* _Dataset excerpt_:

BEGIN

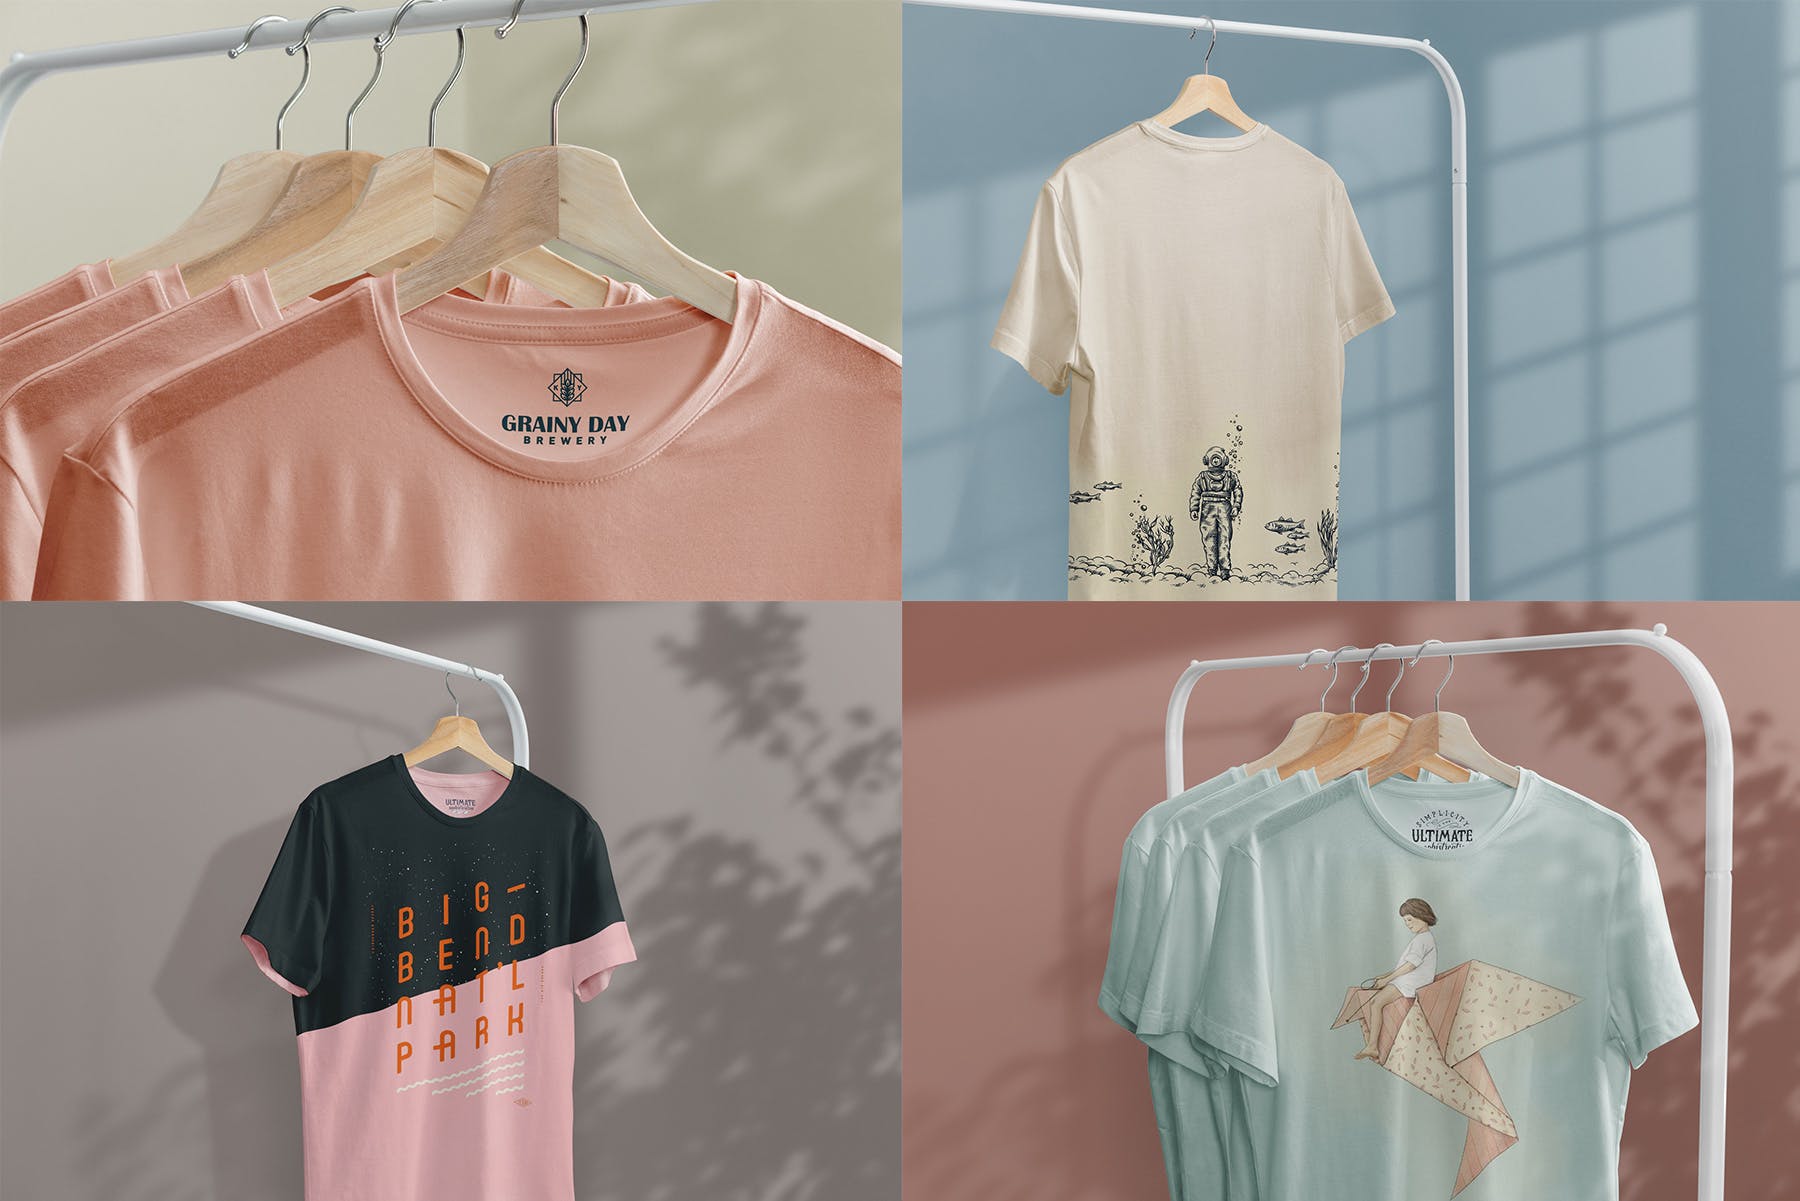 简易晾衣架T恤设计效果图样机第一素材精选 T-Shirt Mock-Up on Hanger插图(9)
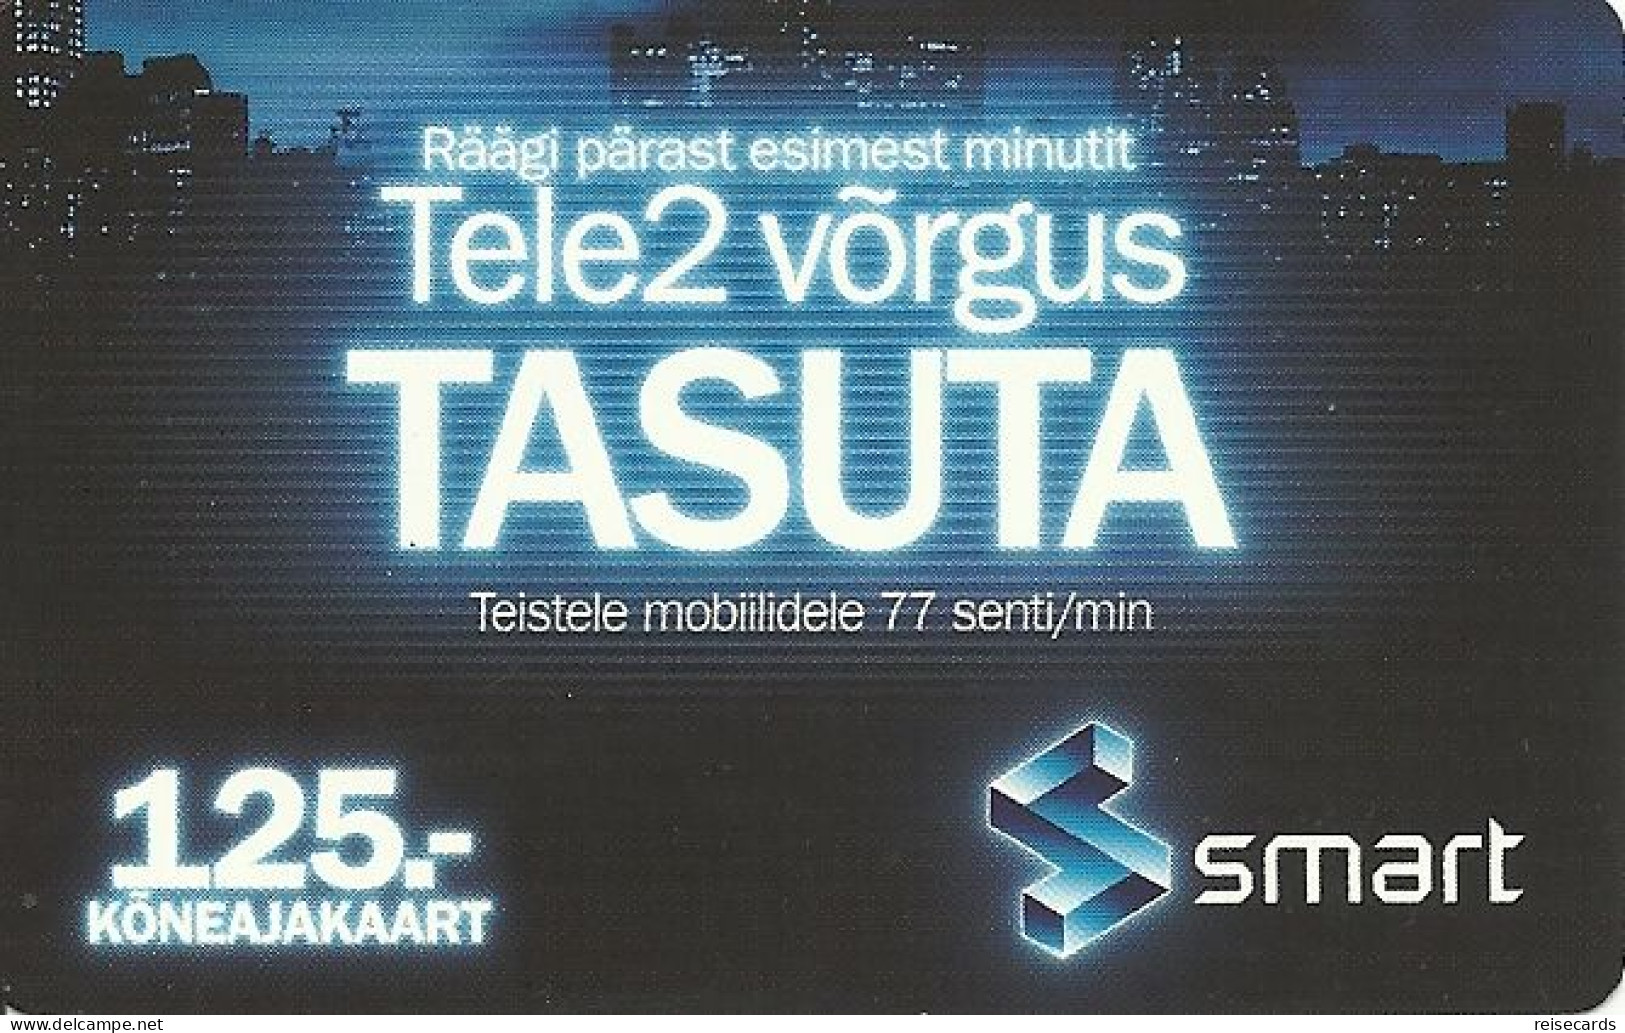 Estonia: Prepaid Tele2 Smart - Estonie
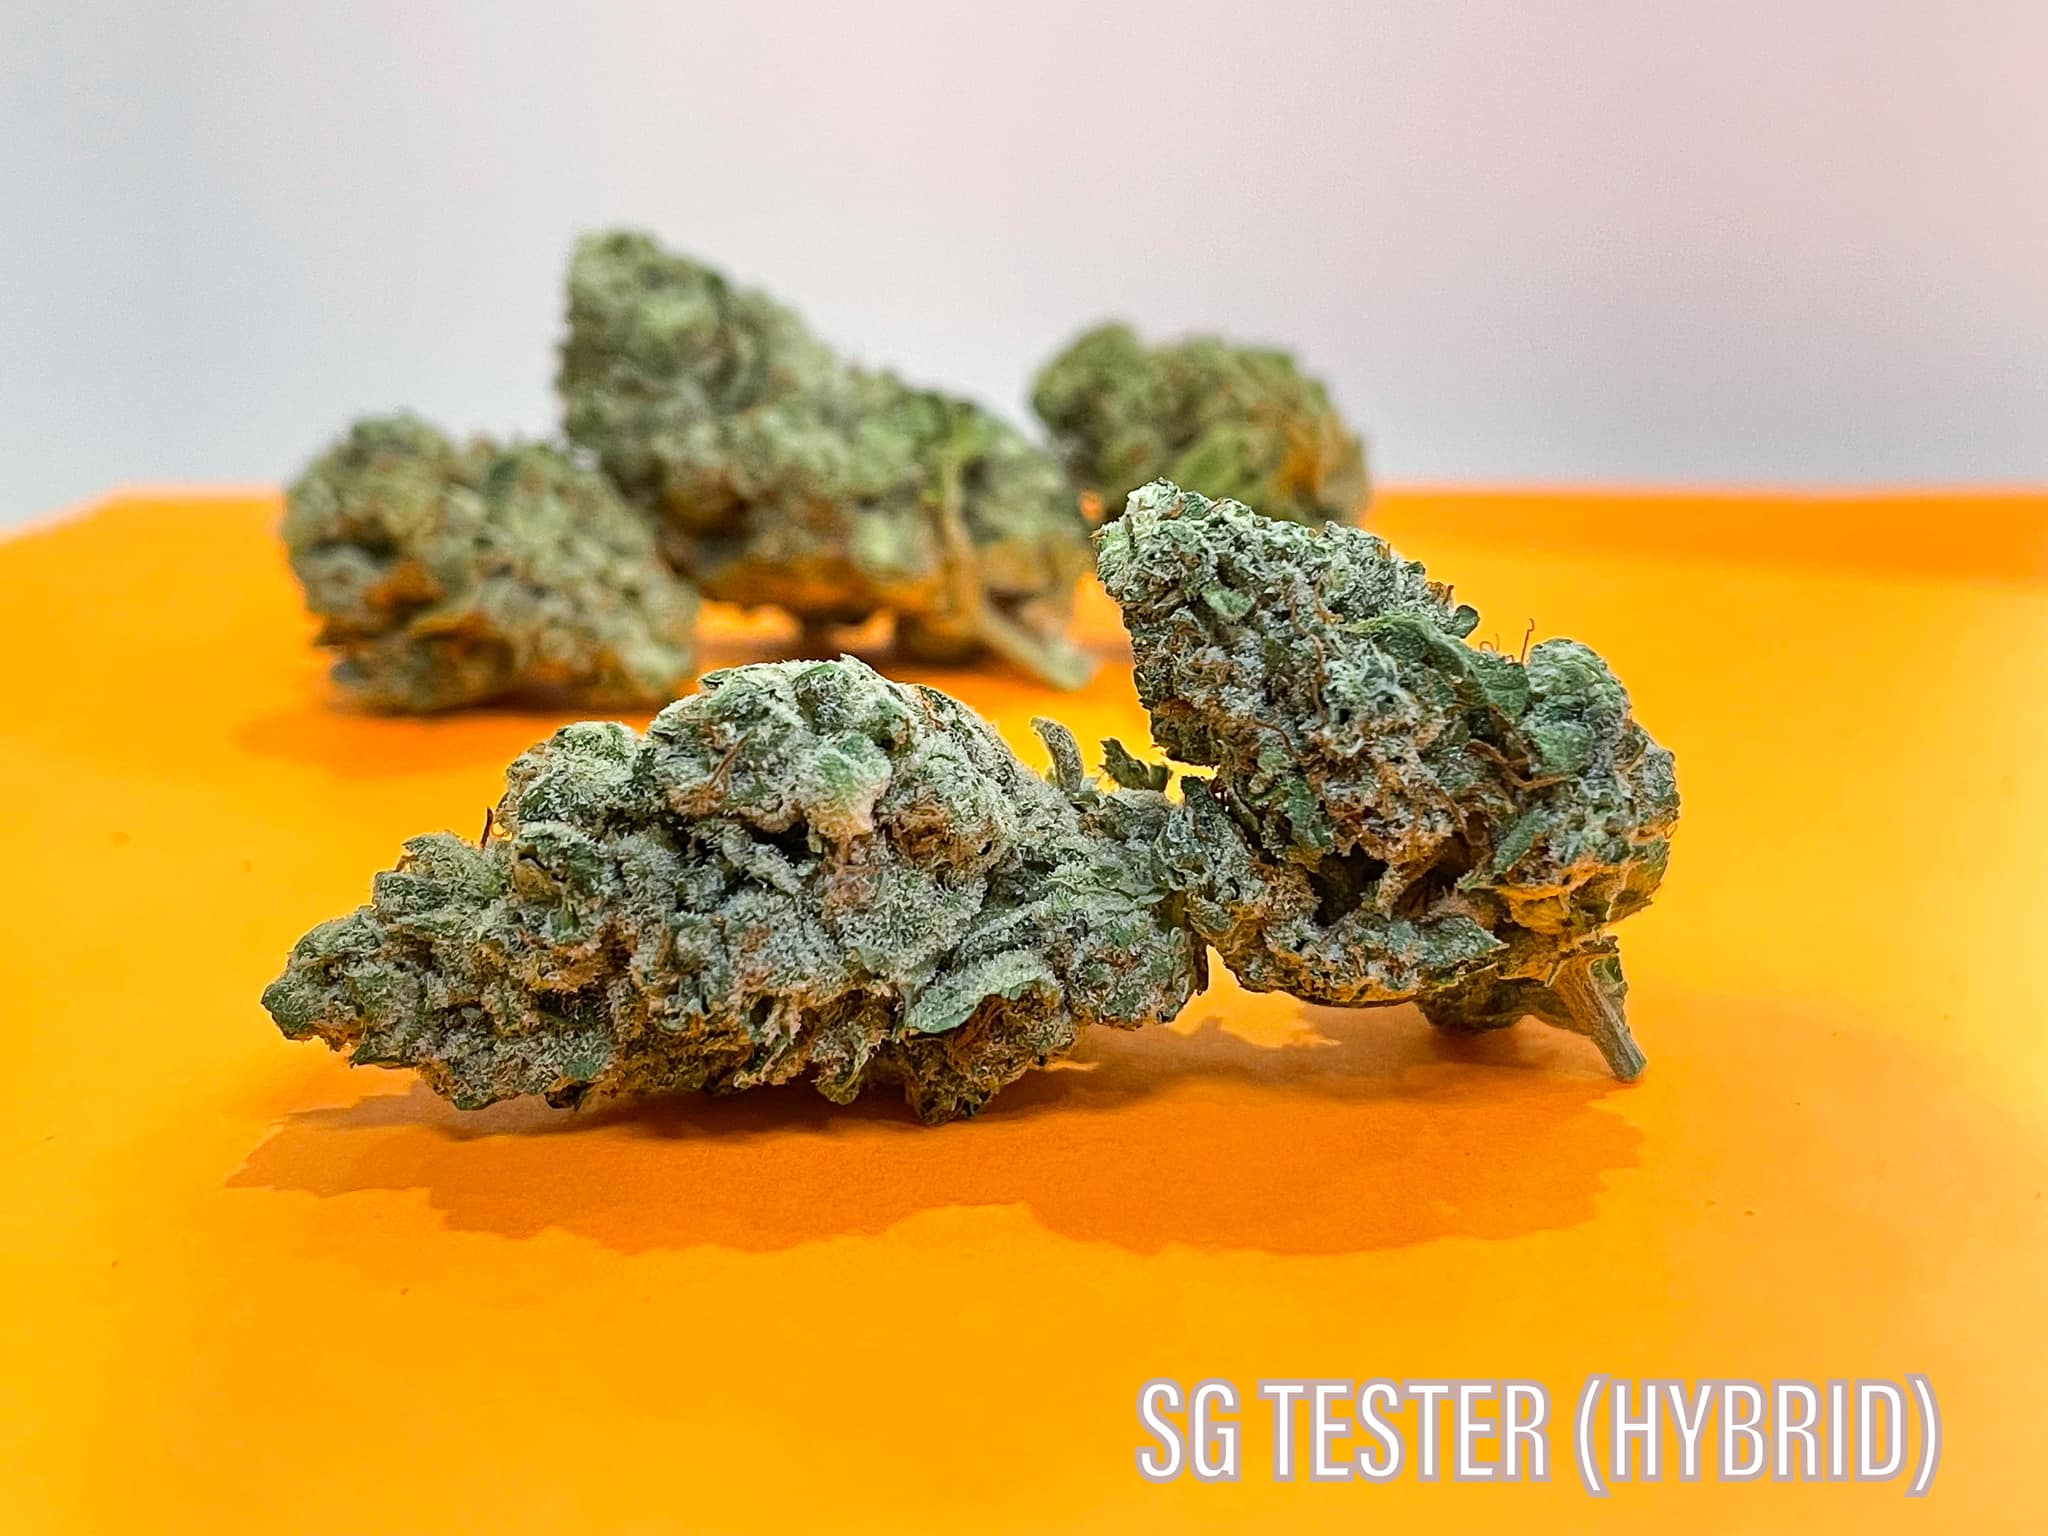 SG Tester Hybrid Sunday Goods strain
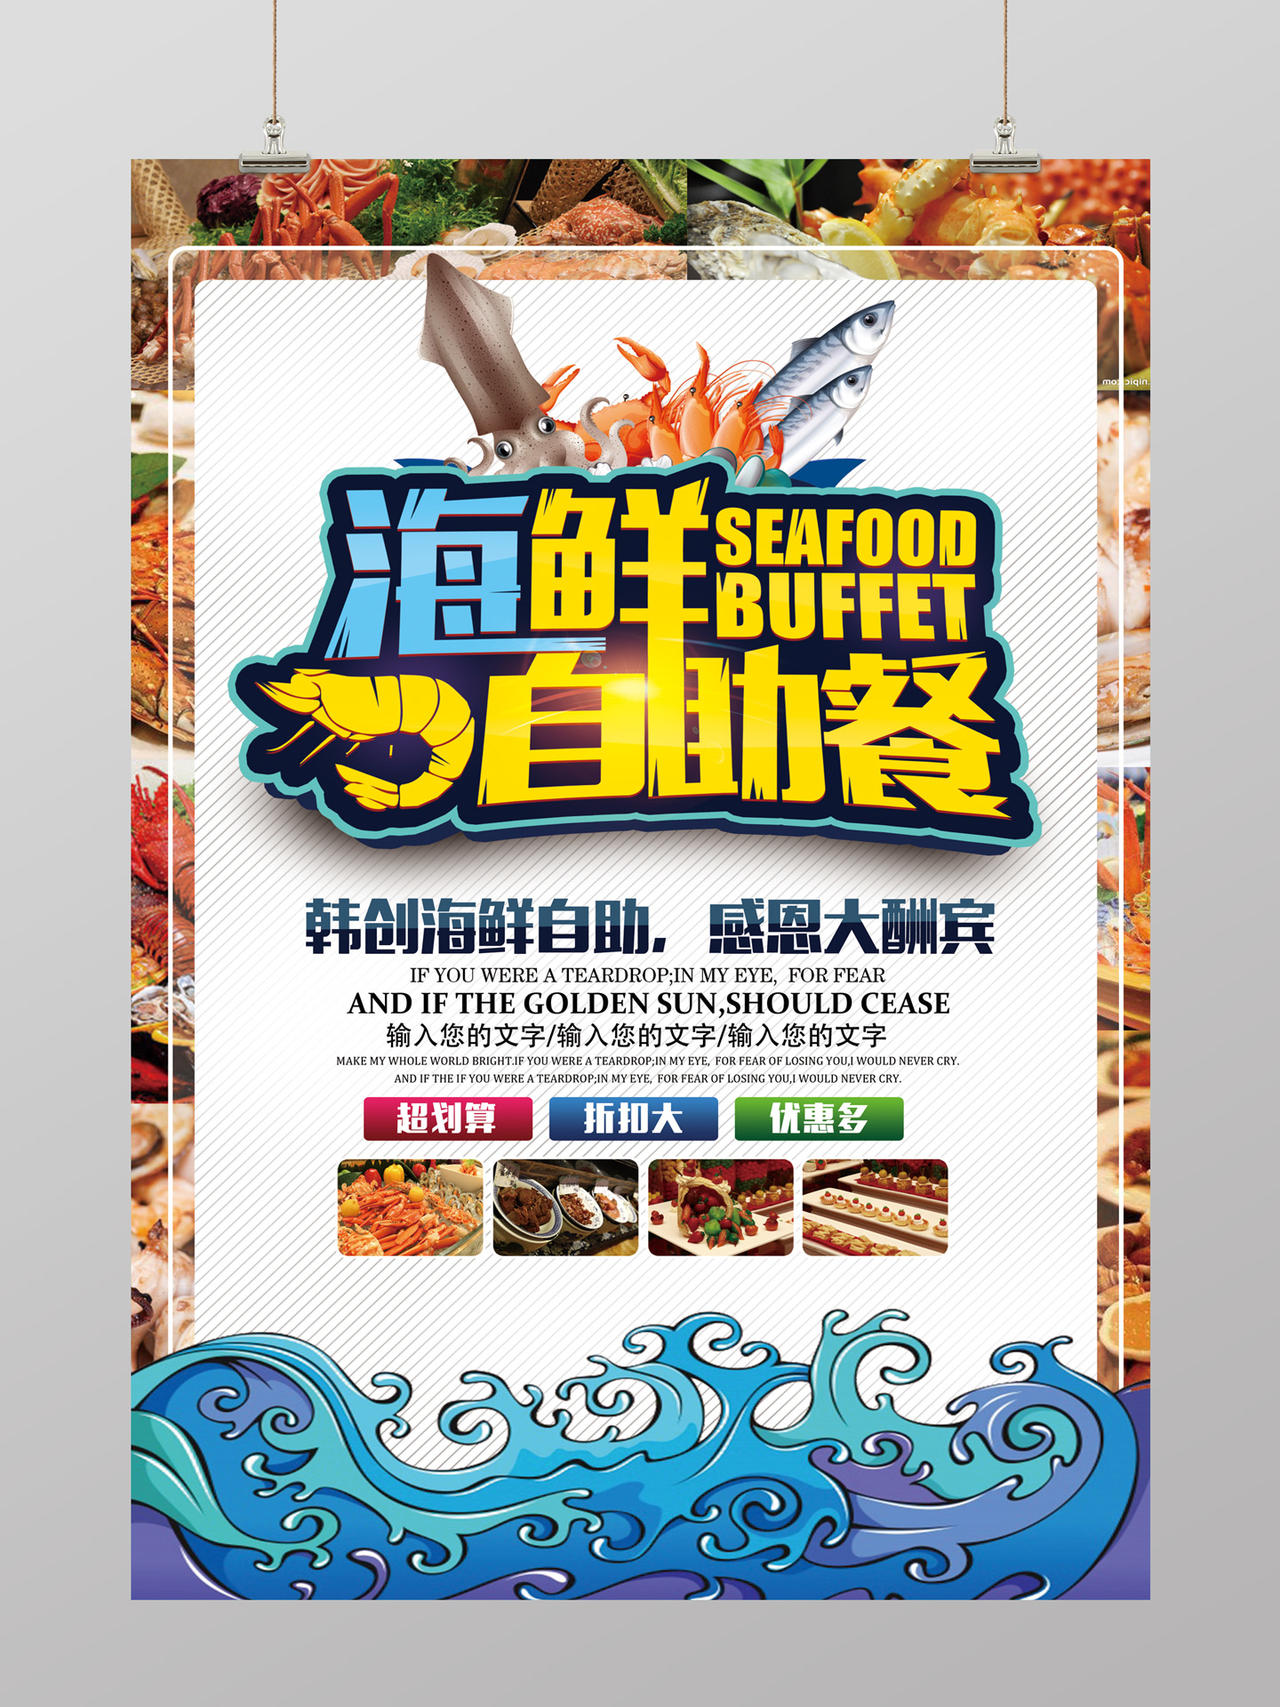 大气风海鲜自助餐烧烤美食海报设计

END

* _Your assignment_:
Print the material above once more, exactly. No pictures belong in it.

* _Response to this task_:
 简易晾衣架T恤设计效果图样机第一素材精选 T-Shirt Mock-Up on Hanger插图(9)
 Estonia: Prepaid Tele2 Smart - Estonie
 SG Tester Hybrid Sunday Goods strain
 大气风海鲜自助餐烧烤美食海报设计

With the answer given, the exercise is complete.